MTV set out to be rock radio with pictures, at least that was the intention. The idea was to get the superstar bands in existence at the time, like the Rolling Stones and Toto, and have them make little movies. Remember the videos the Stones did for “Hang Fire” and “Start Me Up”? Remember how stupid they were? Remember how wasted and haggard they looked? They didn’t need MTV, and the contempt they had for the form shone right through. MTV found out pretty quickly that the Journeys, the Fleetwood Macs, and the rest of the jet-setting cocaine kings and queens of rock ‘n’ roll really weren’t all that interested. Sure, they all made videos and they got aired, but most of them were akin to performances on American Bandstand, a lip-synched concert clip (Journey took it one step further and “air-guitared” one of their songs). This was quite a problem for the MTV programmers. What is a fledgling music video network to do? Either find new talent or close up shop. Not surprisingly, they chose option A. I’m not sure how much research was conducted, but I’m willing to wager that a quick scan of the United States rock underground would’ve picked up the rumblings coming from the likes of Black Flag, the Misfits, Hüsker Dü, the Minutemen, etc., not to mention a thriving national metal scene.
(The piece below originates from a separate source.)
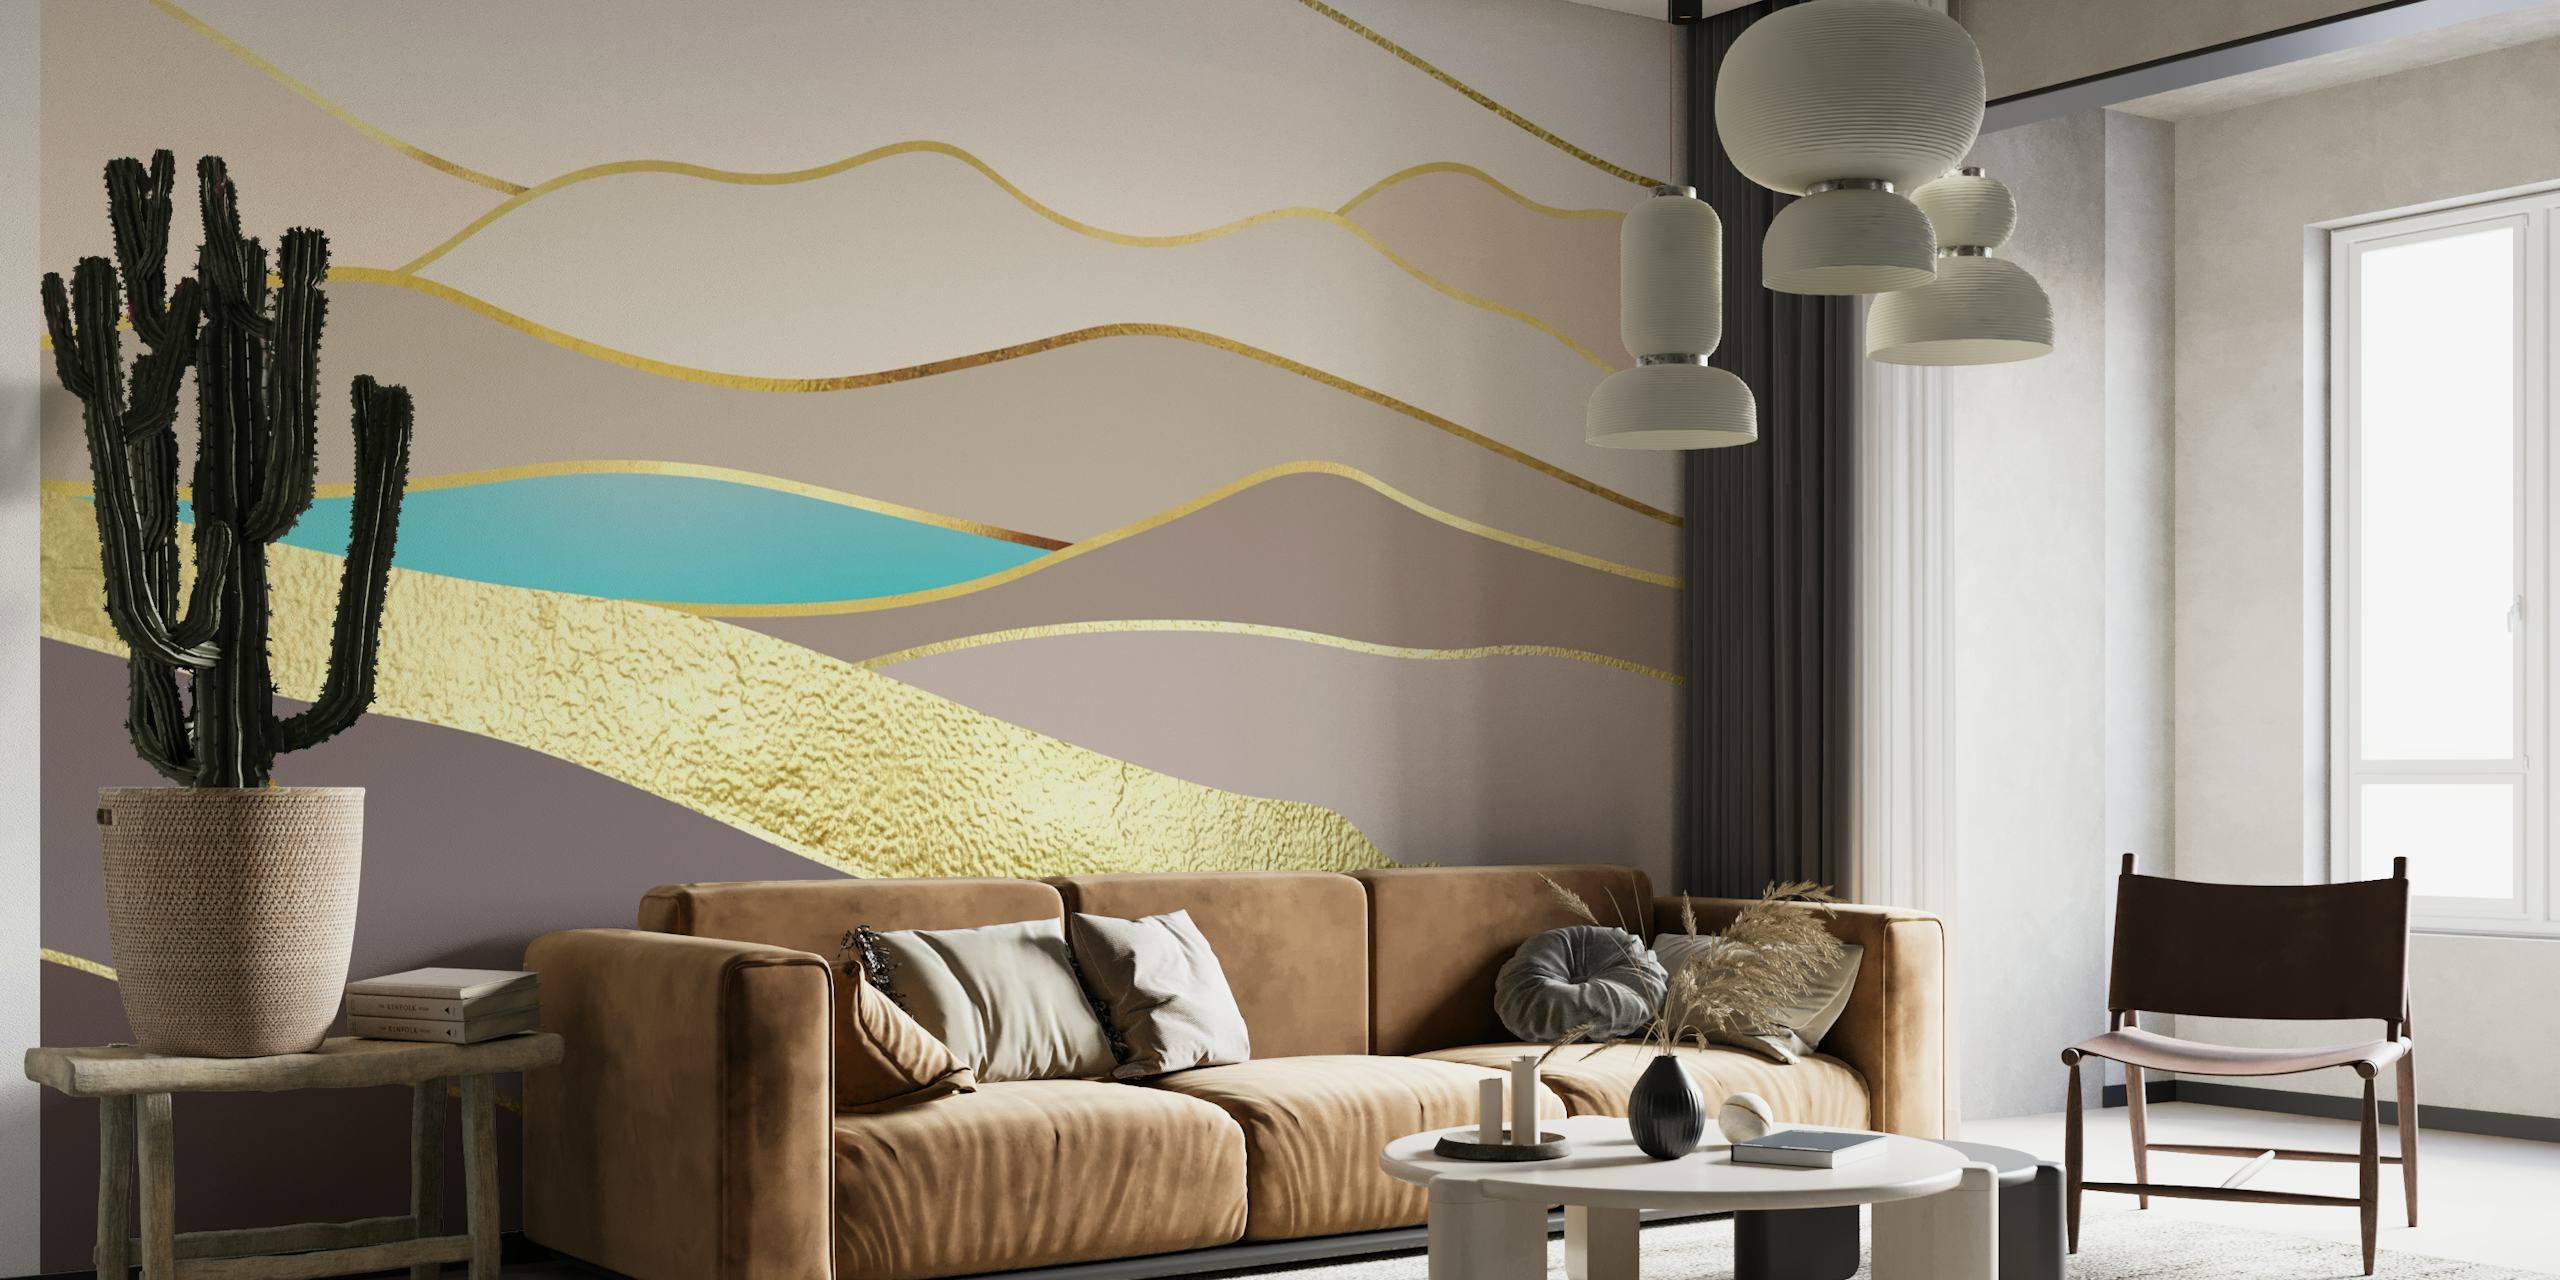 Zidna slika sa apstraktno mirnim pejzažom s blagim padinama i metalik zlatnim detaljima

The dismal American market failure of the Sex Pistols was doubtlessly still fresh in the minds of many and convinced those who measure artistic merit in terms of album sales that punk rock was a dead-end route, and as any sophisto rock crit weasel will tell you, stay the fuck away from heavy metal because it’s music for cretins and juvenile delinquents.
Naturally, MTV looked across the Atlantic. They wanted something stylish, tasteful, and, above all, profitable. What they found was – yes – synth pop, an unholy mating of disco and anti-rock concept which was inspired by, but not derived from, punk. It was no surprise that these hack musicians with nothing to market but clothes and a foppish sense of their own decadence were more than happy to make videos and thus exhibit their own artistic alienation, sensitivity, and big hairdos to the great unwashed mass of American consumers. We ate it up, too. What else are you going to do when there isn’t anything else to watch on TV?
It didn’t last, but it also never quite left us. Nowadays, there’s even a nostalgic hankering for it. Here in Portland, the “Modern Rock” station, KNRK (get it, NRK – anarchy! Anarchy, my ass!), has a daily spot called “Before the Revolution” (oh yeah, the Revolution where Bush and Pearl Jam replaced Def Leppard and Extreme on the airwaves. Thanks, guys!) where they clog the radio waves with this pap for a good half hour, thereby continuing the fiction that before Nirvana’s “Smells Like Platinum Spirit” broke big, there wasn’t any contemporary rock scene at all. I wonder who believes that lie.
Oh yeah, this was supposed to be a record review of some kind. I don’t know, The Fixx play a set, perform all the songs they made videos for (plus some other ones), talk to the audience, the audience cheers, and everybody goes home at the end. Nothing remotely interesting happens. I bet the show was nothing like the videos.